Armageddon

Chapter 4


SO WHAT WOULD you say is humankind’s greatest creation?

Language? Music? Maybe art?

All excellent choices. But if you ask me, the greatest thing any creature anywhere ever created is a concept called “friendship.”

I guess my four friends are my greatest creation, too. Without your friends, well, what are you?

“You guys,” said Joe, “this funnel cake is awesome.”

“It’s cold,” said Dana.

“And your point is?” Joe took another chomp out of the web of chewy fried dough dusted with powdered sugar and drenched with squiggles of chocolate sauce.

“You’re basically eating knotted flour and lard, Joe,” Emma said. “It’s not very good for your heart.”

Having just examined the insides of the late Number 33’s cardiovascular plumbing up close and personal, I realized Emma, my earth-mother health-nut friend, had a point.

“Well, it may not be good for my heart, but it is excellent for my mouth,” said Joe, who had an iron stomach to rival Attila’s. My friend has been known to order “one of everything” at Pizza Hut. But no matter how much chow he wolfs down on a regular basis, he stays super skinny. Talk about an excellent metabolism.

This was what I needed; nothing renews my creative juices like hanging out and goofing around with my buds. And we weren’t just in the middle of a pig-out session at the local county fair. No, my four best friends and I were in the middle of Six Flags Over Georgia.

After my Thrilla with Attila, I decided to call up Joe, Emma, Willy, and Dana and head south to do a little recon on Marietta, Georgia—one of the smaller towns on Number 2’s Places to Destroy/Humans to Enslave list. Aliens are much easier to smell outside your major metropolitan areas—fewer competing odors.

Okay, I could’ve gone to Ames, Iowa. But the nearest amusement park to Ames is Adventureland, home to lots of incredible waterslides, and after slipping and sliding through Number 33’s wet and wild circulatory system I was more in the mood for roller coasters. Six Flags Over Georgia has eleven of ’em.

Oh, something else you should probably know, in case you haven’t already figured it out: When I say I “called up” my friends, I don’t mean I hit speed dial on my iPhone. I mean my four best friends since forever are 100-percent pure products of my imagination. It’s not like I walk around talking to invisible, make-believe buddies. When Joe, Emma, Willy, and Dana are around, everybody can see them, hear them, and, in Joe’s case, smell them. But not one of my friends would exist if I didn’t imagine him or her first.

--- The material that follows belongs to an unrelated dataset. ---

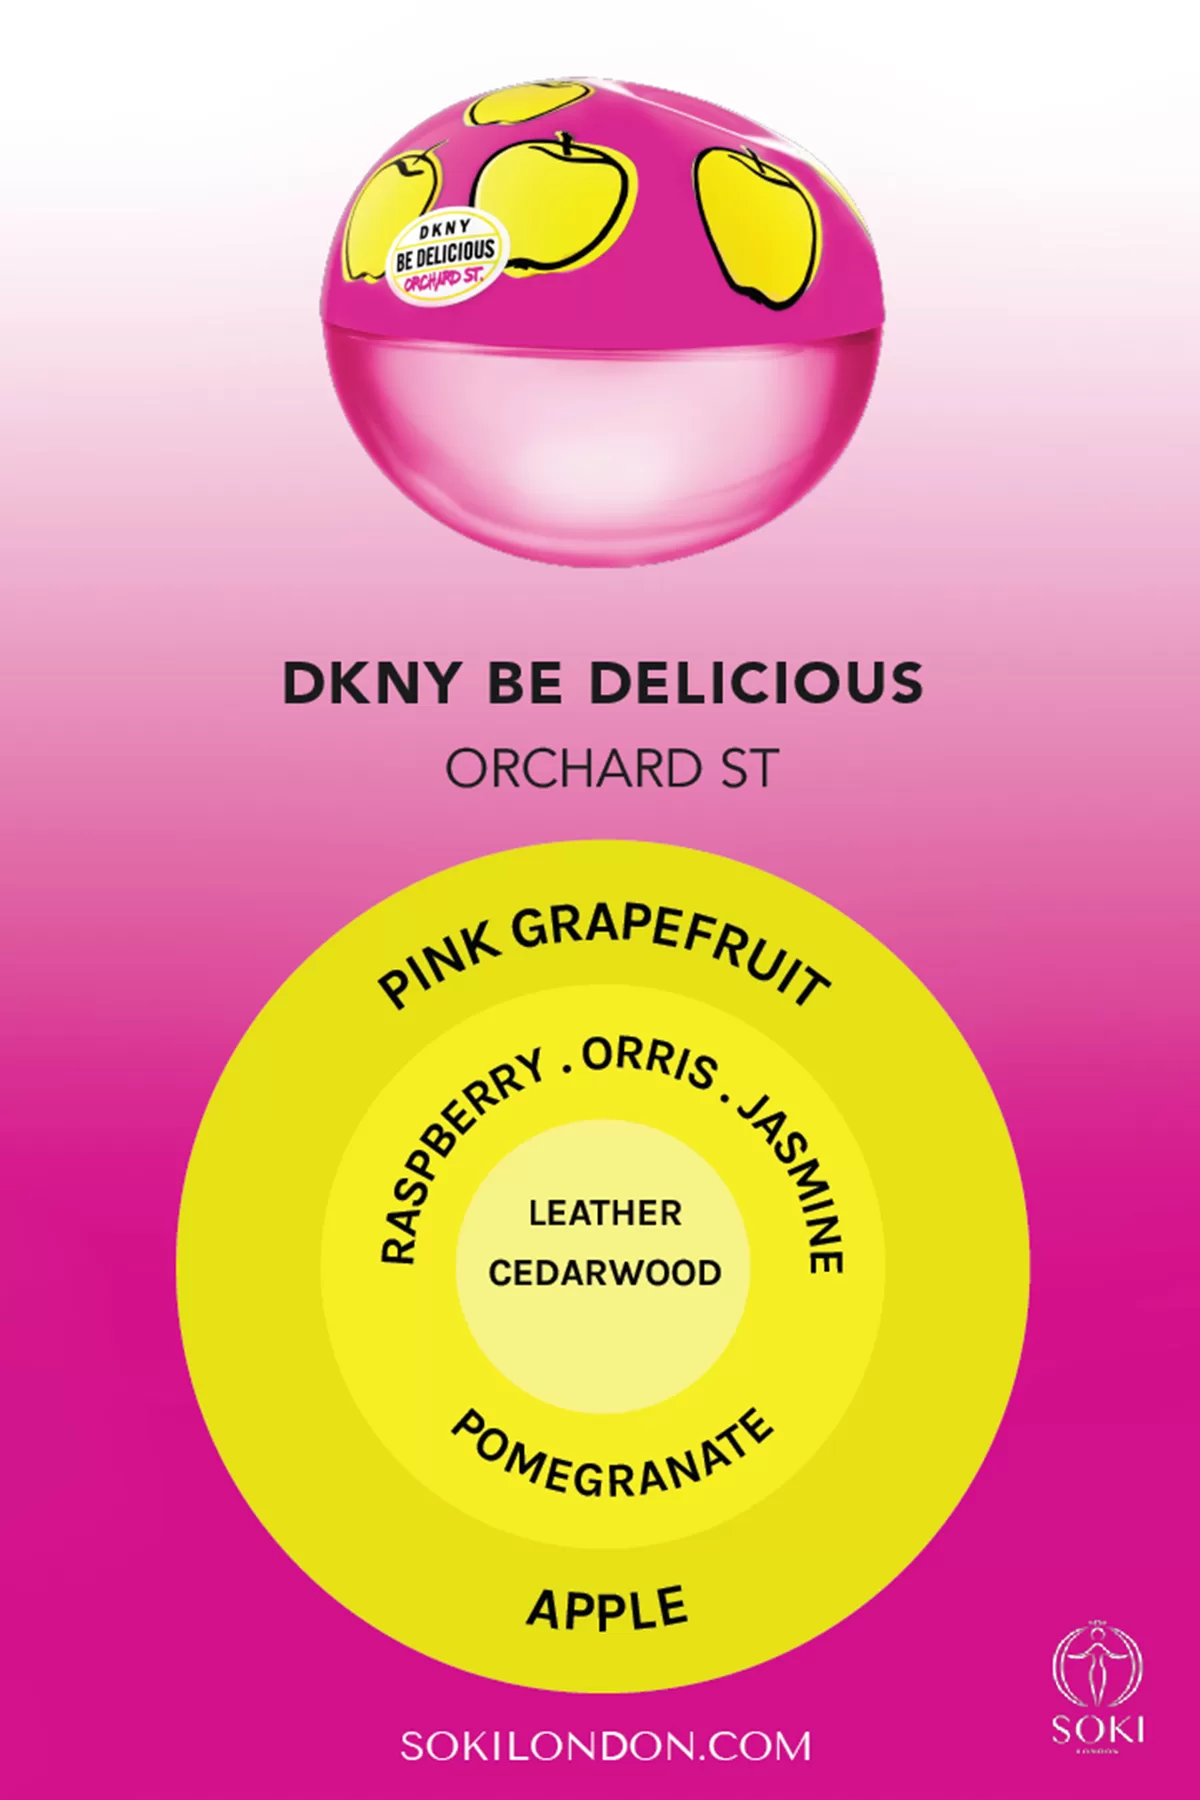 DKNY Be Delicious Orchard St

I realize my special talent may seem alien to you but, then again, you weren’t born on my home planet, Alpar Nok. For me, the power to create (the most awesome superpower of them all, btw) is just part of my genetic code.

Without this amazing gift, I’d be totally alone in your world.

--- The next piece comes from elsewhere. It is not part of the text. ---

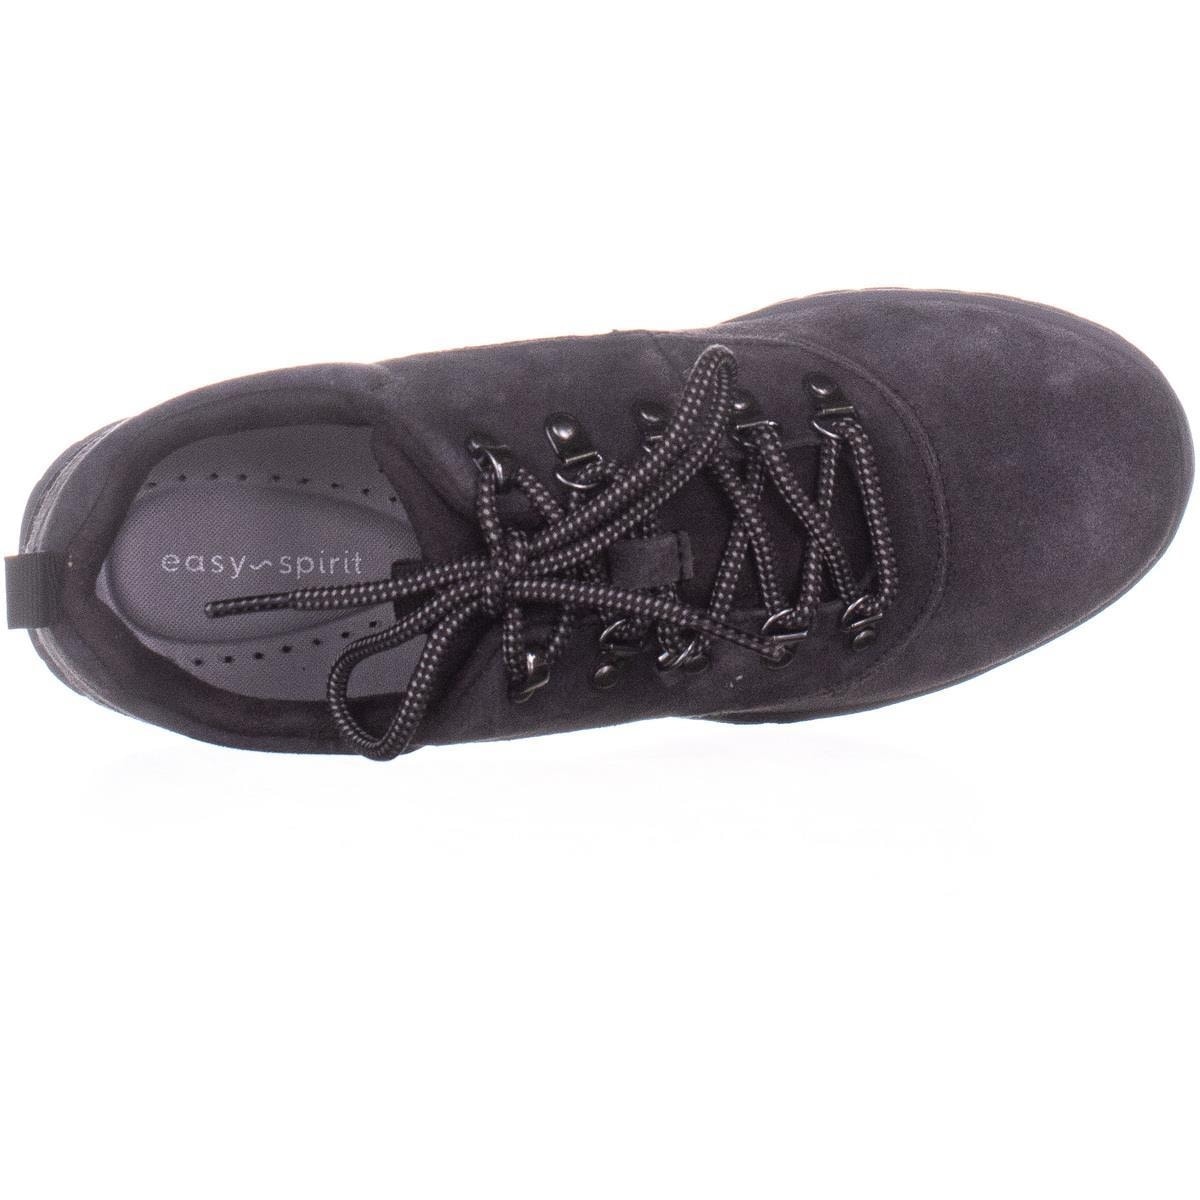 easy spirit chilly sneakers

And alone is never a good place to be when dealing with the likes of Number 2.

“Hey, you guys,” said Willy, coming around the base of the Dare Devil Dive coaster to join us. “I scouted it out. We’re the only ones here! The place is totally ours!”

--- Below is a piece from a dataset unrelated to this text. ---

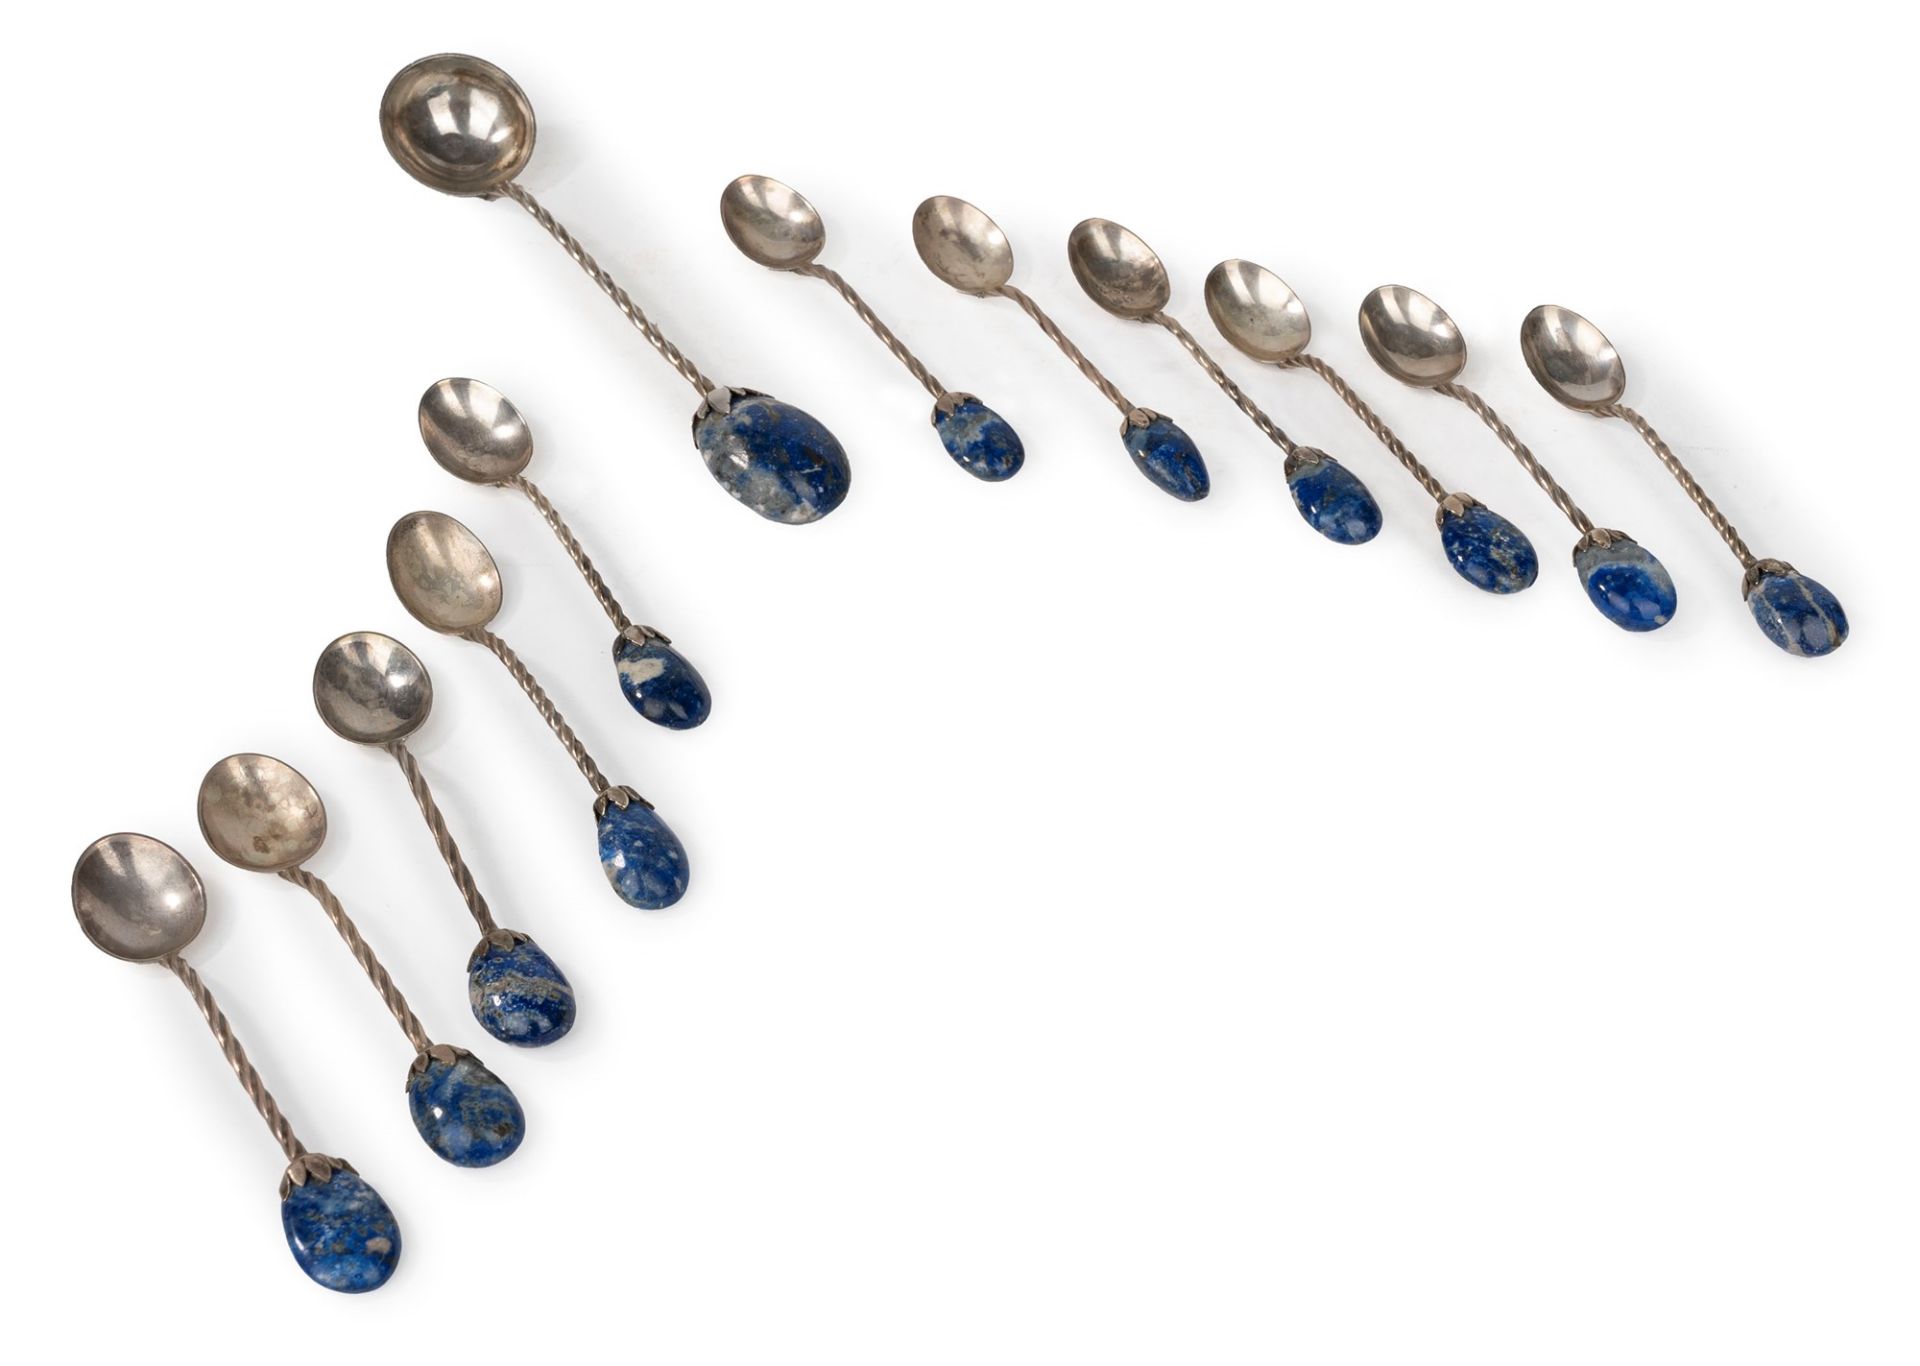 Eleven teaspoons and a small ladle in silver and lapis lazuli, 17th century

“Well, duh,” said Dana. “It’s after three AM. The park’s closed.”

“Hmm,” said Joe, licking sugar and chocolate sauce off his fingers, “must be why the funnel cakes are stone cold. Hey, you guys ever eat cold pizza for breakfast?”

“Yeah, right,” said Dana with an eye roll. “Whenever possible, Joe.”

“You should try it, Dana,” said Willy. “When pizza’s cold, the cheese stays locked in place.”

“No sauce drippage, either,” added Joe.

“By the way,” said Willy, jabbing a thumb over his shoulder, “the new coaster looks absolutely amazing.”

“I believe the Dare Devil Dive coaster is the Southeast’s tallest beyond-vertical roller coaster,” said Emma, who had picked up a bunch of brochures and maps when we first entered the amusement park.

“Hey, Daniel,” teased Dana, who, full disclosure, I have a mad crush on. “Part of the park is called ‘Gotham City.’ You wanna head over there and check out this cool coaster called Batman: The Ride?”

“More bats?” I said. “No thanks.”

“Let’s do the Dare Devil Dive!” said Willy. “Get this: you climb ten stories up a vertical lift, then plummet down a ninety-five-degree first drop!”

“Um,” said Dana, “not to barf all over your idea, Willy, but I detect one slight problem.”

“What?”

Dana gestured at the dark rides towering all around us. “Like I said, it’s after three AM.”

“So?” said Willy, who can be as stubborn as he is brave.

“The park is closed, Willy,” said Emma, who was Willy’s little sister and knew him better than anybody. “You can’t ride the rides, because, well, Six Flags very wisely shuts off all its electricity after hours in an attempt to conserve energy.”

I smiled. “Well, you know what they say: it’s a whole ’nother park after dark. Start ’em up!”

And, by the power of sheer imagination, I made every single ride in Six Flags whir back to life!